A shipping container is to be made with six rectangular faces, as shown in the diagram.

 

 

The dimensions of the container are

length 2x
width x
height y.

All of the measurements are in metres. The total length of all twelve edges is 48 metres.

Show that y =12 − 3x .

[3]
a.

Show that the volume V m3 of the container is given by

V = 24x2 − 6x3

[2]
b.

Find \( \frac{{\text{d}V}}{{\text{d}x}}\).

[2]
c.

Find the value of x for which V is a maximum.

[3]
d.

Find the maximum volume of the container.

[2]
e.

Find the length and height of the container for which the volume is a maximum.

[3]
f.

The shipping container is to be painted. One litre of paint covers an area of 15 m2 . Paint comes in tins containing four litres.

Calculate the number of tins required to paint the shipping container.

[4]
g.

Markscheme

\(4(2x) + 4y + 4x = 48\)     (M1)

Note: Award (M1) for setting up the equation.


\(12x + 4y = 48\)     (M1)

Note: Award (M1) for simplifying (can be implied).


\(y = \frac{{48 - 12x}}{{4}}\)   OR   \(3x + y =12\)     (A1)

\(y =12 - 3x\)     (AG)

Note: The last line must be seen for the (A1) to be awarded.

[3 marks]

a.

\(V = 2x \times x \times (12 - 3x)\)     (M1)(A1)

Note: Award (M1) for substitution into volume equation, (A1) for correct substitution.


\(= 24x^2 - 6x^3\)     (AG)

Note: The last line must be seen for the (A1) to be awarded.

[2 marks]

b.

\(\frac{{\text{d}V}}{{\text{d}x}} = 48x - 18x^2\)     (A1)(A1)

Note: Award (A1) for each correct term.

[2 marks]

c.

\(48x -18x^2 = 0\)     (M1)(M1)

Note: Award (M1) for using their derivative, (M1) for equating their answer to part (c) to 0.


OR

(M1) for sketch of \(V = 24x^2 - 6x^3\), (M1) for the maximum point indicated     (M1)(M1)

OR

(M1) for sketch of \(\frac{{\text{d}V}}{{\text{d}x}} = 48x - 18x^2\), (M1) for the positive root indicated     (M1)(M1)

\(2.67\left( {\frac{{24}}{9},{\text{ }}\frac{8}{3},{\text{ }}2.66666...} \right)\)     (A1)(ft)(G2)

Note: Follow through from their part (c).

[3 marks]

d.

\(V = 24 \times {\left( {\frac{8}{3}} \right)^2} - 6 \times {\left( {\frac{8}{3}} \right)^3}\)     (M1)

Note: Award (M1) for substitution of their value from part (d) into volume equation.

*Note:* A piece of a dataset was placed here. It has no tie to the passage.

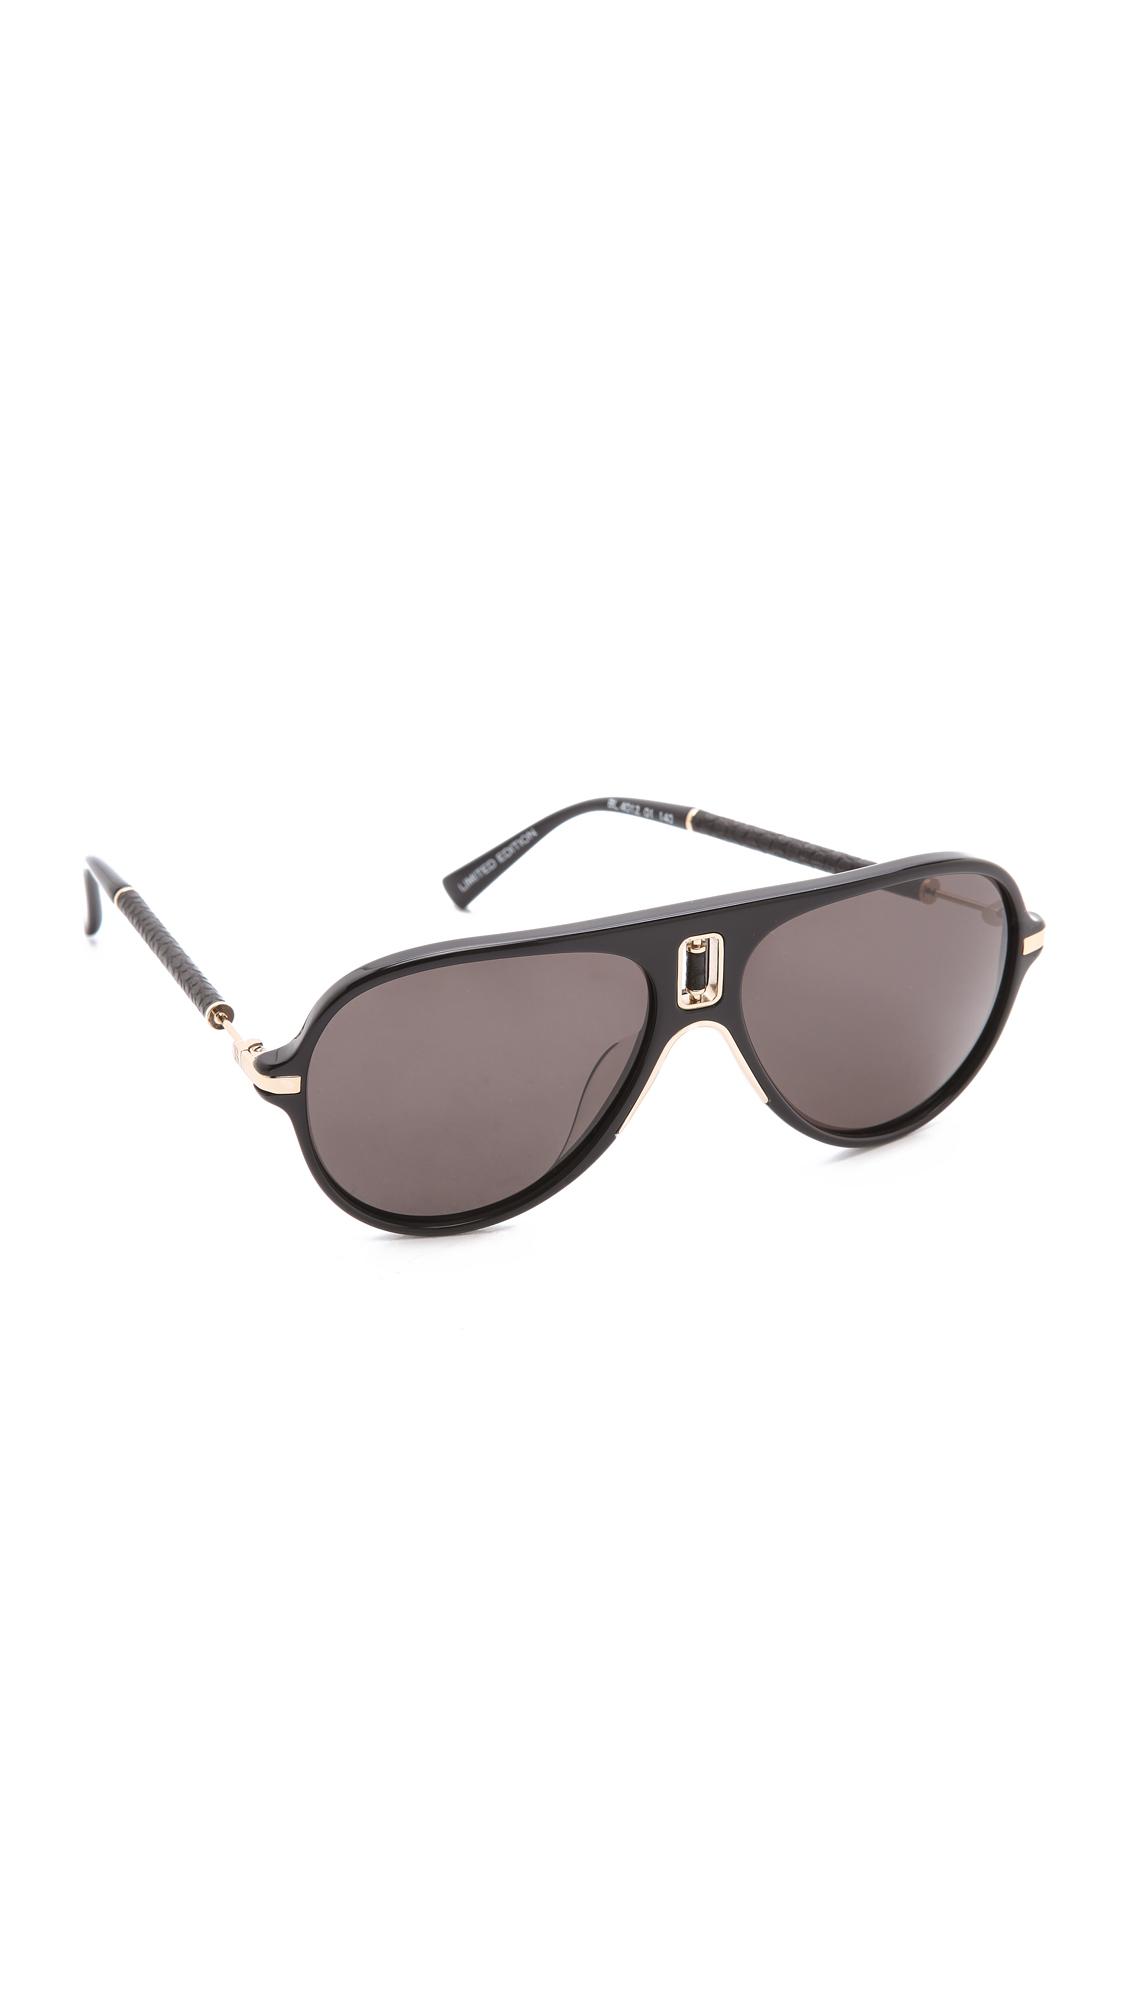 Balmain Studio Aviator Sunglasses  balmain studio oversized sunglasses in black lyst

\(56.9({{\text{m}}^3})\left( {\frac{{512}}{9},{\text{ }}56.8888...} \right)\)     (A1)(ft)(G2)

Note: Follow through from their answer to part (d).

[2 marks]

e.

\(\text{length} = \frac{{16}}{{3}}\)     (A1)(ft)(G1)

Note: Follow through from their answer to part (d). Accept 5.34 from use of 2.67


\(\text{height} = 12 - 3 \times \left( {\frac{{8}}{{3}}} \right) = 4\)     (M1)(A1)(ft)(G2)

Notes: Award (M1) for substitution of their answer to part (d), (A1)(ft) for answer. Accept 3.99 from use of 2.67.

[3 marks]

f.

\(\text{SA} = 2 \times \frac{{16}}{{3}} \times 4 + 2 \times \frac{{8}}{{3}} \times 4 + 2 \times \frac{{16}}{{3}} \times \frac{{8}}{{3}}\)     (M1)

OR

\(\text{SA} = 4 \left( {\frac{{8}}{{3}}}\right)^2 + 6 \times \frac{{8}}{{3}} \times 4\)     (M1)

Note: Award (M1) for substitution of their values from parts (d) and (f) into formula for surface area.


92.4 (m2) (92.4444...(m2))     (A1)

Note: Accept 92.5 (92.4622...) from use of 3 sf answers.


\(\text{Number of tins} = \frac{{92.4444...}}{{15 \times 4}}( = 1.54)\)     (M1)

[4 marks]

 

Note: Award (M1) for division of their surface area by 60.


2 tins required     (A1)(ft)

Note: Follow through from their answers to parts (d) and (f).

g.

Examiners report

Many candidates did not answer this question at all and others did not get past part (c). It was unclear if this was because they could not do the question or they ran out of time.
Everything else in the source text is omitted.